• TASK STATEMENT
Repeat exactly the lines of the material below that run from the "韩国污漫画 我們的非常關系 第1话 24" line to the "SCHWEIZ BUNDESPOST 233/4x" line, including both, and do not carry over any pictures.

• DATASET
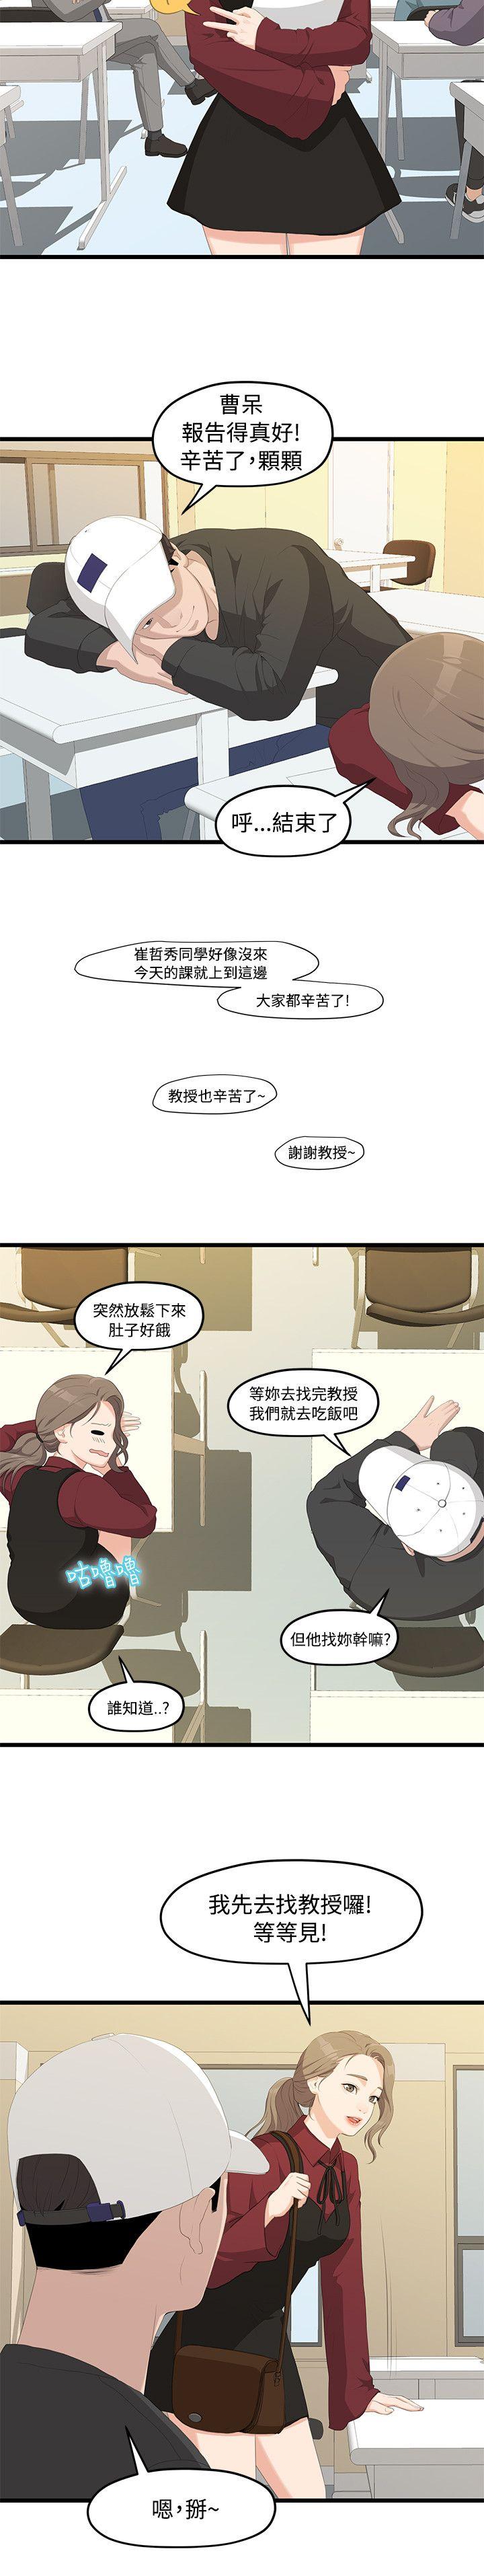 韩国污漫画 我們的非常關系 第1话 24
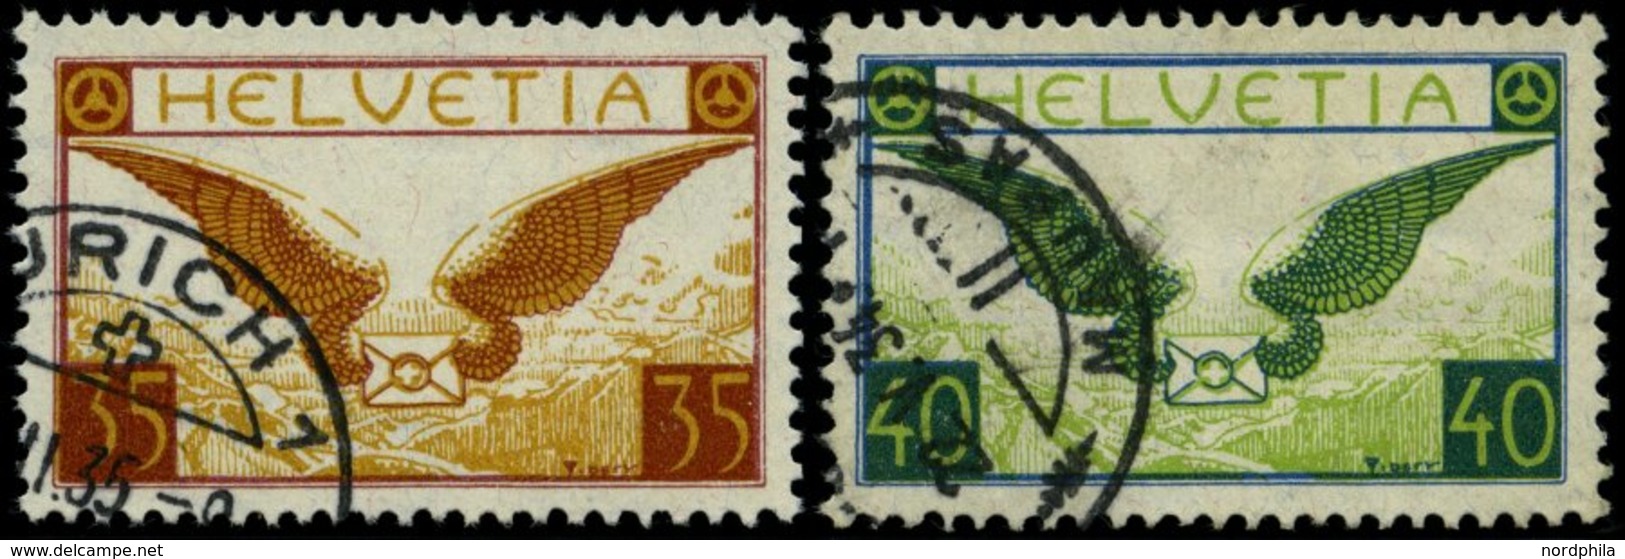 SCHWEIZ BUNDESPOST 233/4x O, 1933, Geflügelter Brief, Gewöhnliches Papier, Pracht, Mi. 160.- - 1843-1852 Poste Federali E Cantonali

* * *

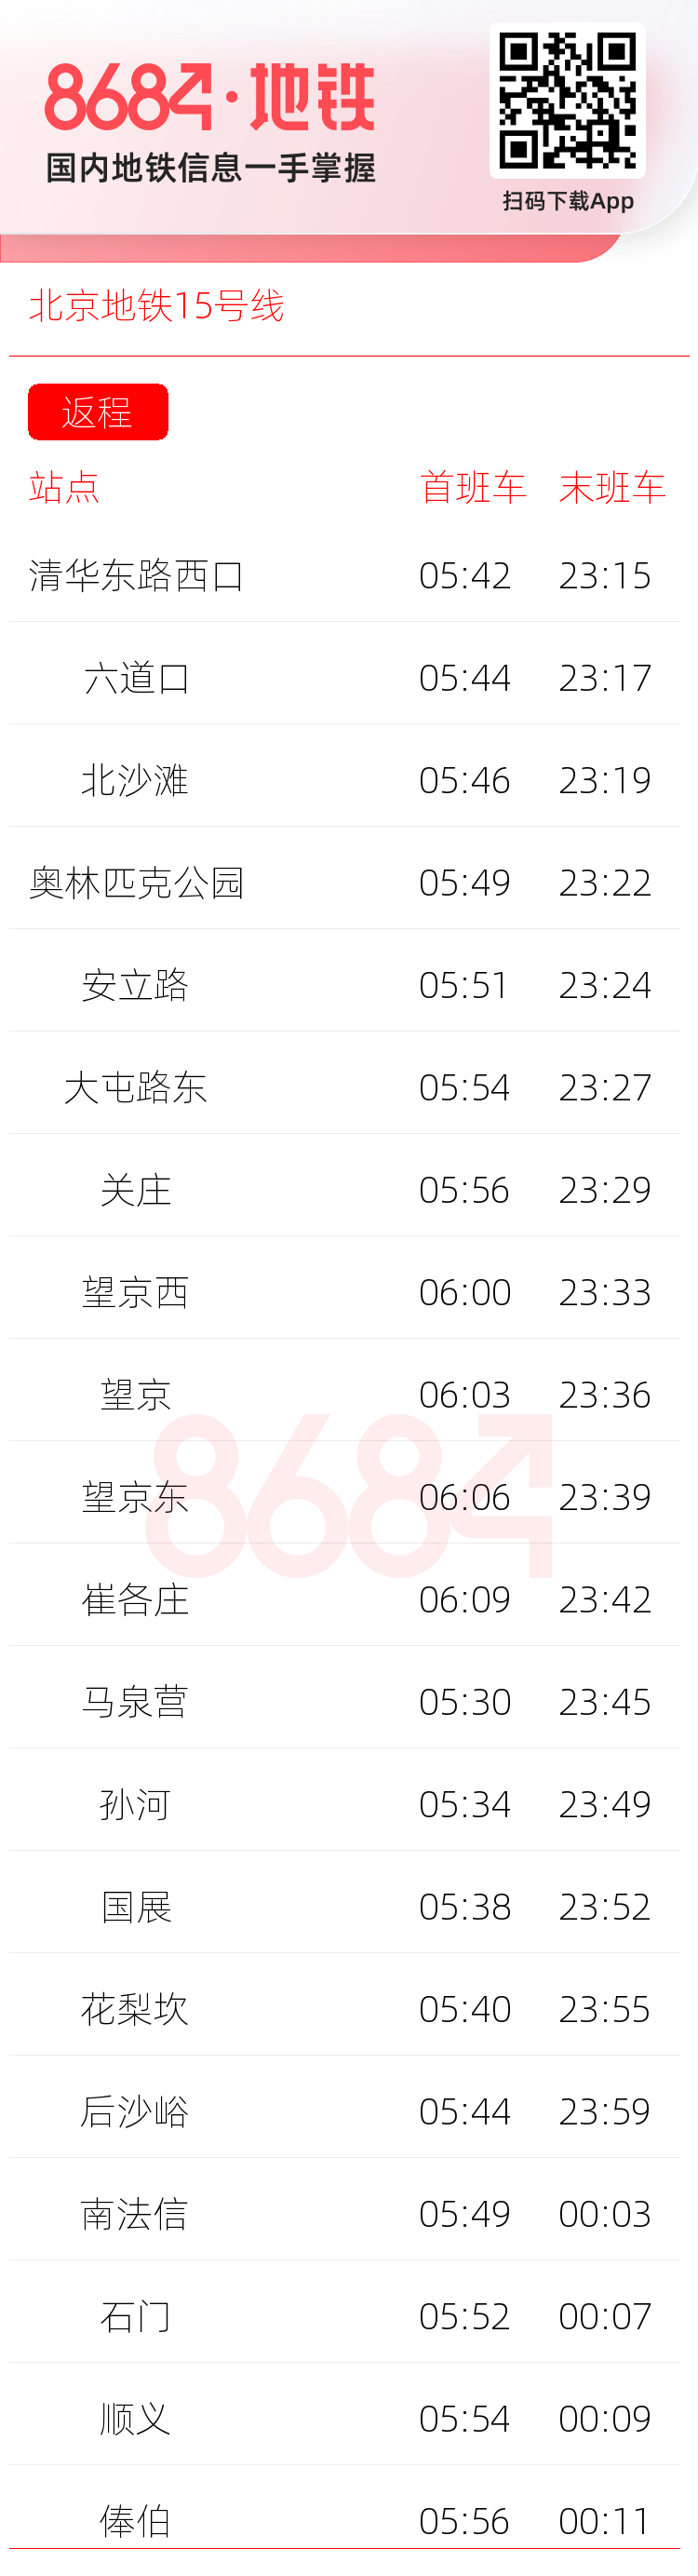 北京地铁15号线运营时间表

• RESPONSE TO THE TASK
 韩国污漫画 我們的非常關系 第1话 24
 SCHWEIZ BUNDESPOST 233/4x O, 1933, Geflügelter Brief, Gewöhnliches Papier, Pracht, Mi. 160.- - 1843-1852 Poste Federali E Cantonali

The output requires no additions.